Children with monogenic diabetes are often misdiagnosed with type 1 diabetes and treated with insulin injections. While some forms of monogenic diabetes do require insulin to control blood sugars, some can be treated with oral medications. In either case, some children with monogenic diabetes also require treatment for other health problems, such as digestive enzyme deficiencies, kidney cysts, low magnesium levels or autism.
Atypical forms of diabetes
Certain genetic conditions can increase the risk for developing atypical forms of diabetes. Patients with these types of atypical diabetes often have other health problems that affect multiple body systems (such as the brain, heart or liver). Conditions that may be accompanied by atypical diabetes include:
- Mitochondrial disease
- Friedreich’s ataxia
- Cystic fibrosis (which may be accompanied by cystic fibrosis-related diabetes)
In each of these conditions, diabetes can sometimes be the presenting symptom that leads to the genetic diagnosis. In other cases, diabetes may develop after the genetic diagnosis has been made. In either case, it is important to individualize the approach to treating diabetes in the context of a genetic diagnosis.

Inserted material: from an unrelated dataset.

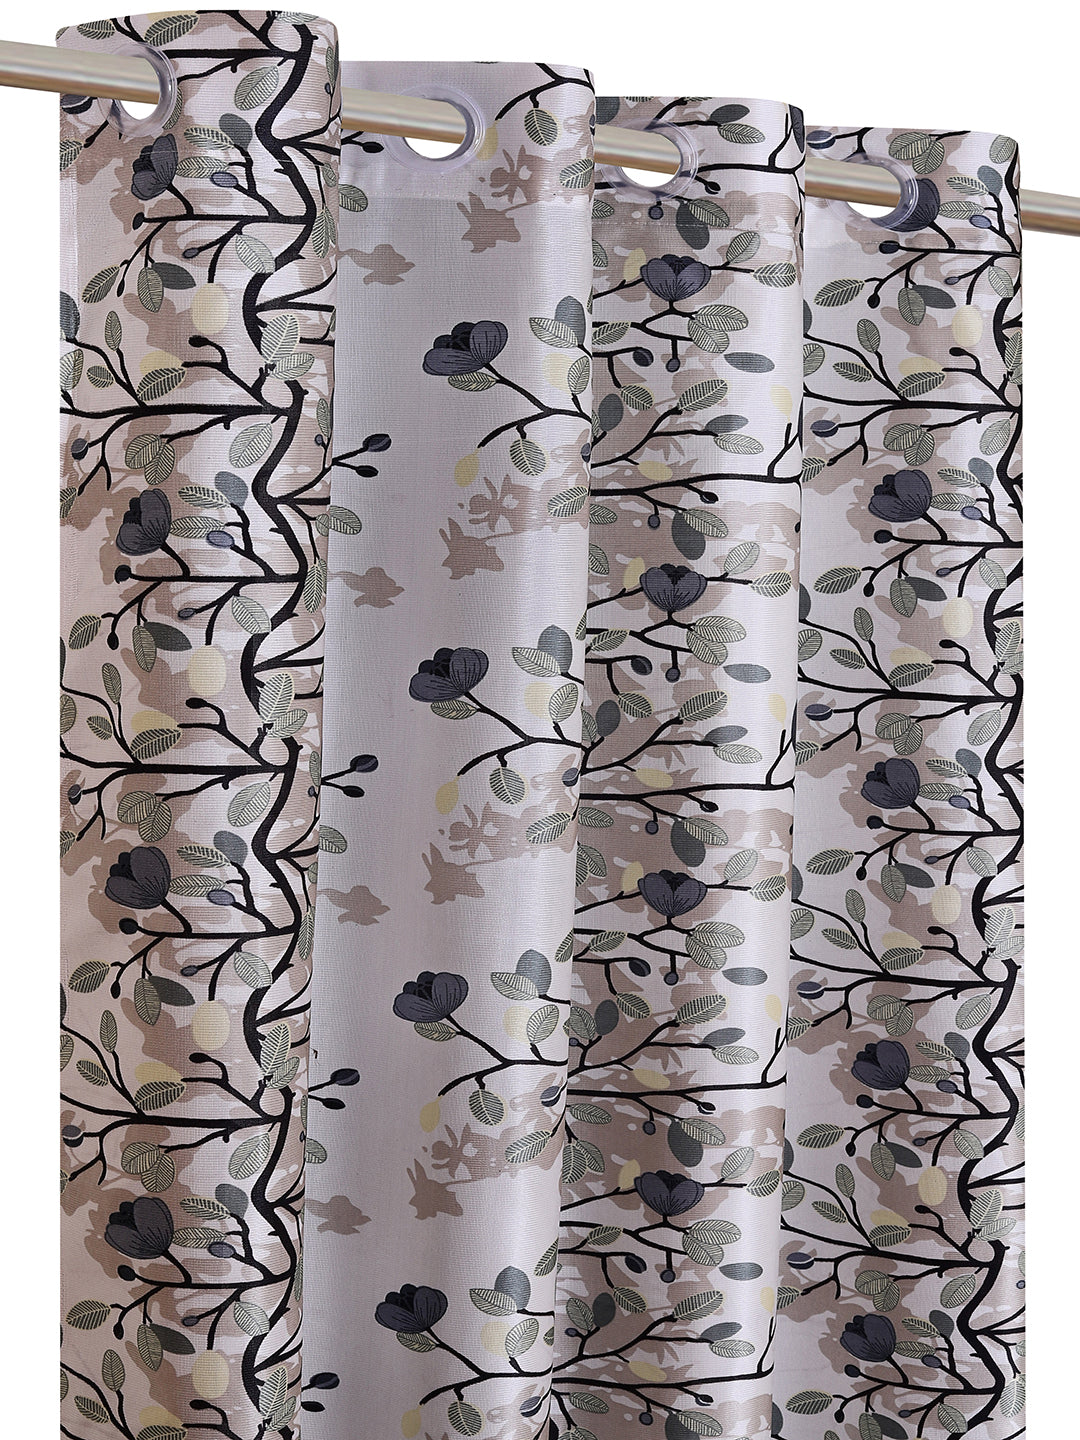 Romee Off White & Green Floral Patterned Set of 2 Window Curtains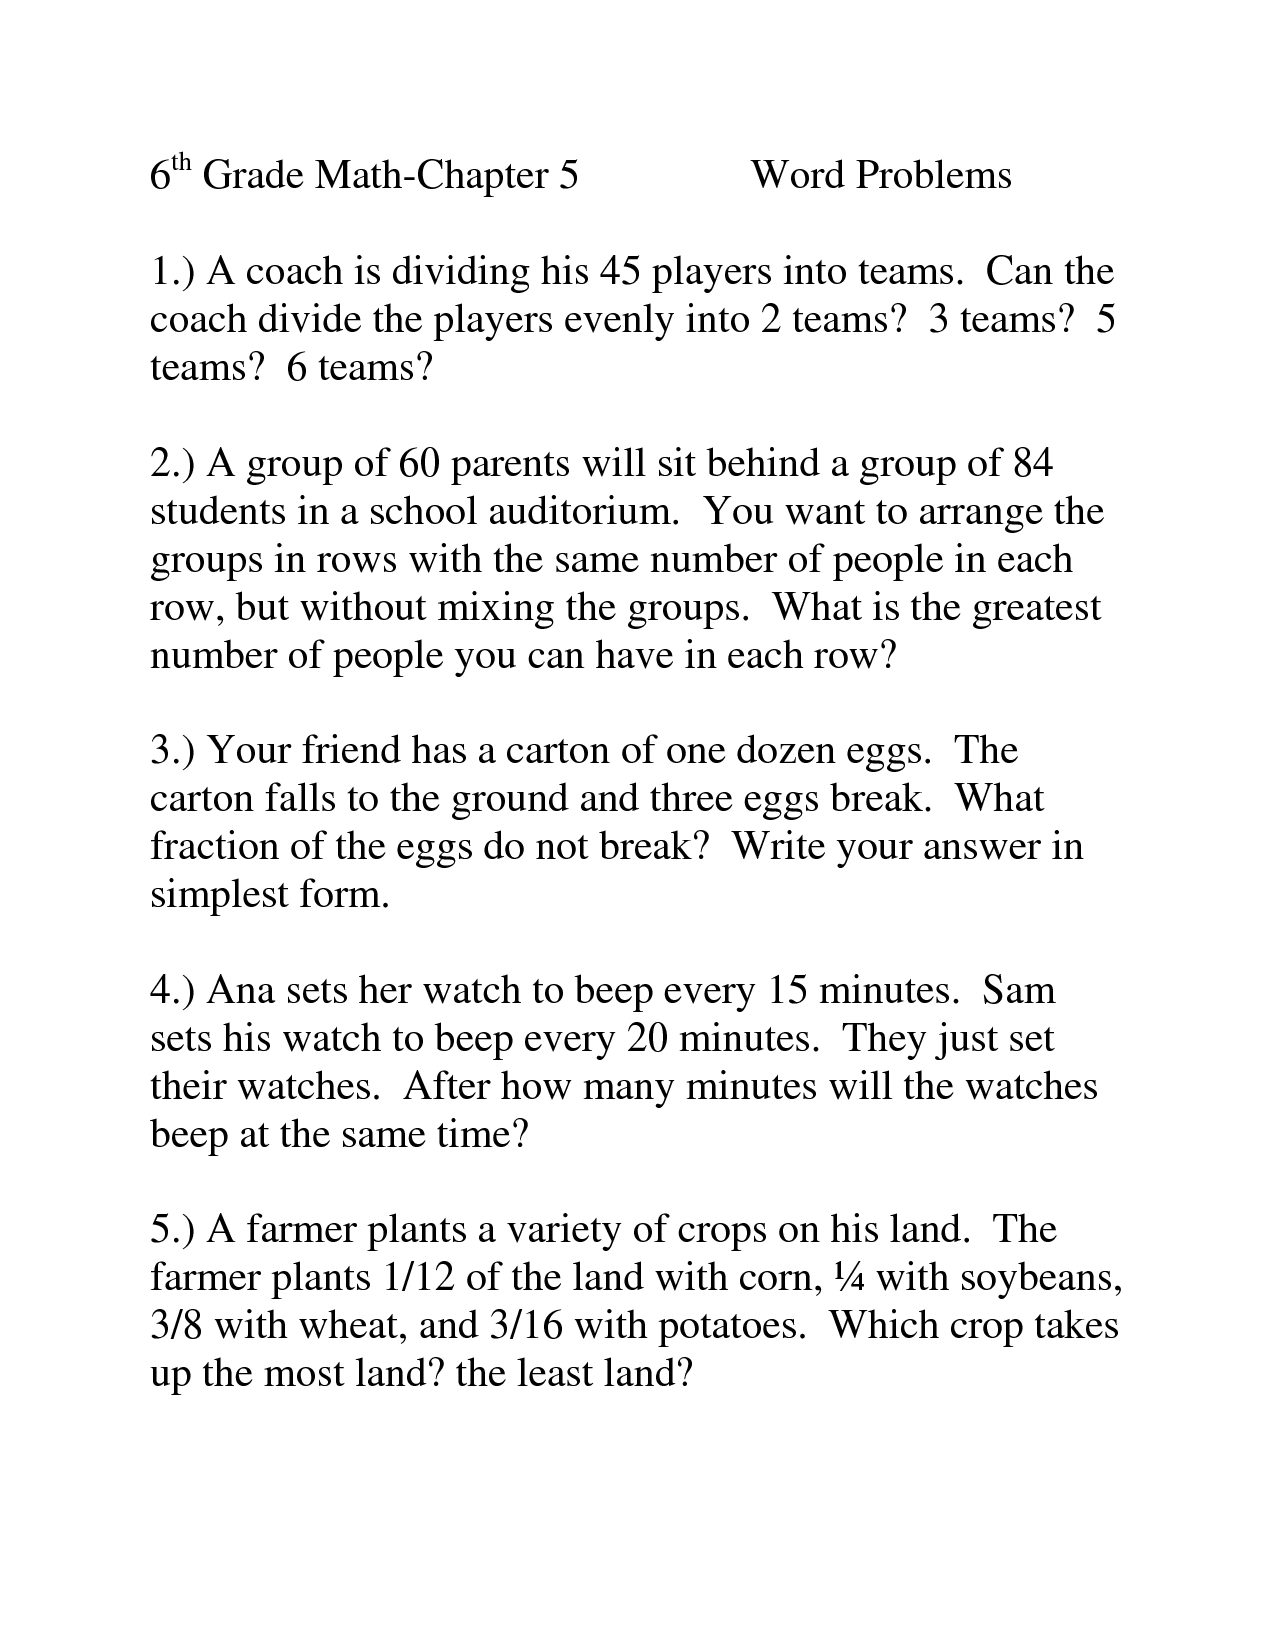 16-best-images-of-6th-grade-math-worksheets-problems-6th-grade-math

Treating atypical diabetes, when it accompanies one of these conditions, must be done in close collaboration with different specialists and must take into account how each treatment can affect the other condition. Our specialists work together to ensure every child with atypical diabetes is treated comprehensively.
Understanding the dynamics of diabetes when it occurs in the context of other medical conditions is also critical to effective treatment. For example, some children with mitochondrial disease may develop high blood sugar levels and require insulin when they are sick or stressed, but not at other times. Some of these same children are also at risk for low blood sugar levels.
Who we are
We are a team of physicians in the Division of Endocrinology and Diabetes who have expertise in the diagnosis and treatment of monogenic and atypical diabetes. We work closely with the many other specialists often involved in each child’s medical care. Our multidisciplinary, coordinated approach to care bridges many specialties, making it possible to meet the complex needs of children diagnosed with these conditions.
We specialize in family-centered care, providing amenities and support for families of children with these rarer forms of diabetes, and keeping the family closely involved in the care plan.
Through innovation and research, we are changing the course of treatment for many children with monogenic and atypical diabetes.
What we do
Physicians in the Monogenic and Atypical Diabetes Program perform evaluations to properly identify patients with monogenic and atypical diabetes, and to diagnose the specific forms of the conditions. We then establish individualized treatment programs for these patients, and work closely with families and other specialists to manage those treatment plans.
Physicians in the Monogenic and Atypical Diabetes Program are working diligently to identify patients with new forms of diabetes and develop effective treatment plans with the potential to benefit all patients with diabetes.